Interessato che ci crede, è convinto, vorrebbe metterci la testa ma…

Così si inizia a rimandare, a lasciar vuoti lunghi periodi fino alla fine dell’attività, che “butta alle ortiche” quanto realizzato fino a lì.

La delega

Come detto, il tempo è poco. Una buona soluzione è appunto affidare a un professionista la ricerca di tematiche in linea con la personalità, lo stile e la professionalità del Ceo, nonché la stesura di post, articoli, speech.

Irrinunciabile, abbiamo detto, l’ok del Ceo prima di ogni pubblicazione ma il grosso del lavoro andrebbe delegato.

In realtà la capacità di delegare non è troppo diffusa. In molti casi, affidarsi, affidare la propria immagine, la propria voce ad altri non è per nulla spontaneo.

La conseguenza è la continua necessità di verifiche, aggiustamenti, ripensamenti e rinvii, legittimi ma che spesso rallentano (quando non stoppano del tutto) l’attività.

I risultati

Cosa frutta al brand tutto questo impegno? I risultati in termini di business, al di là della crescita dei follower del Ceo e delle performance dei post, non sono agevolmente misurabili.

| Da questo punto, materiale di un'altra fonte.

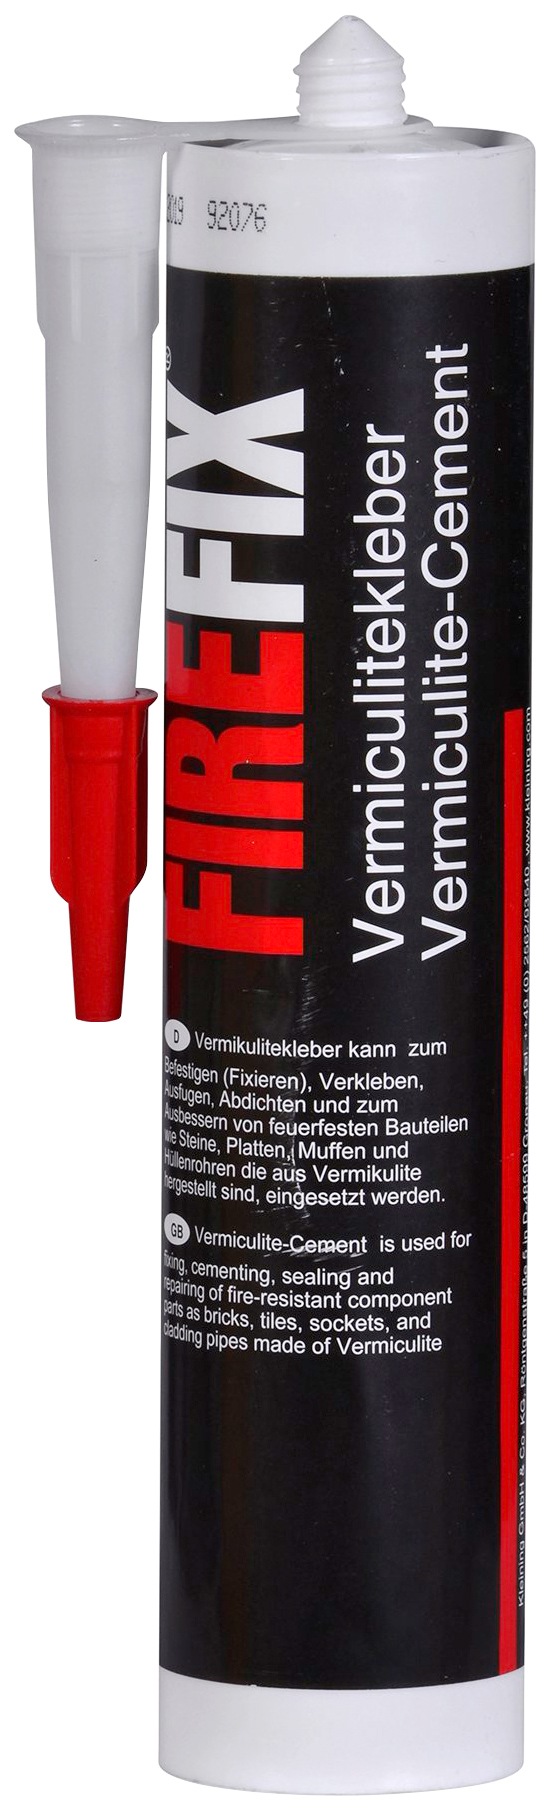 Firefix Klebstoff "Schamottekleber", 310 ml, 310 ml Kartusche

È difficile quantificare, specie nel breve-medio periodo, quanti nuovi clienti si siano avvicinati al brand grazie alla reputazione del suo Ceo. Questa indeterminatezza può fare da freno, può disincentivare chi è abituato a misurare in numeri precisi il ritorno di ogni investimento.

Occorre quindi partire con una motivazione salda, che possa sostenere il percorso quando i problemi di tempo e la fatica a delegare pesano e i risultati non sono così evidenti.

Eppure sono numerosi gli esempi di leader aziendali che dedicano energie e investimenti per il proprio personal branding, tanto è vero che ogni anno alcune società che si occupano di reputazione digitale pubblicano le classifiche della presenza di Ceo e top manager sui social.

Perché i risultati sono proprio di questa natura, riguardano cioè la reputazione digitale, il cui riflesso riverbera sui brand.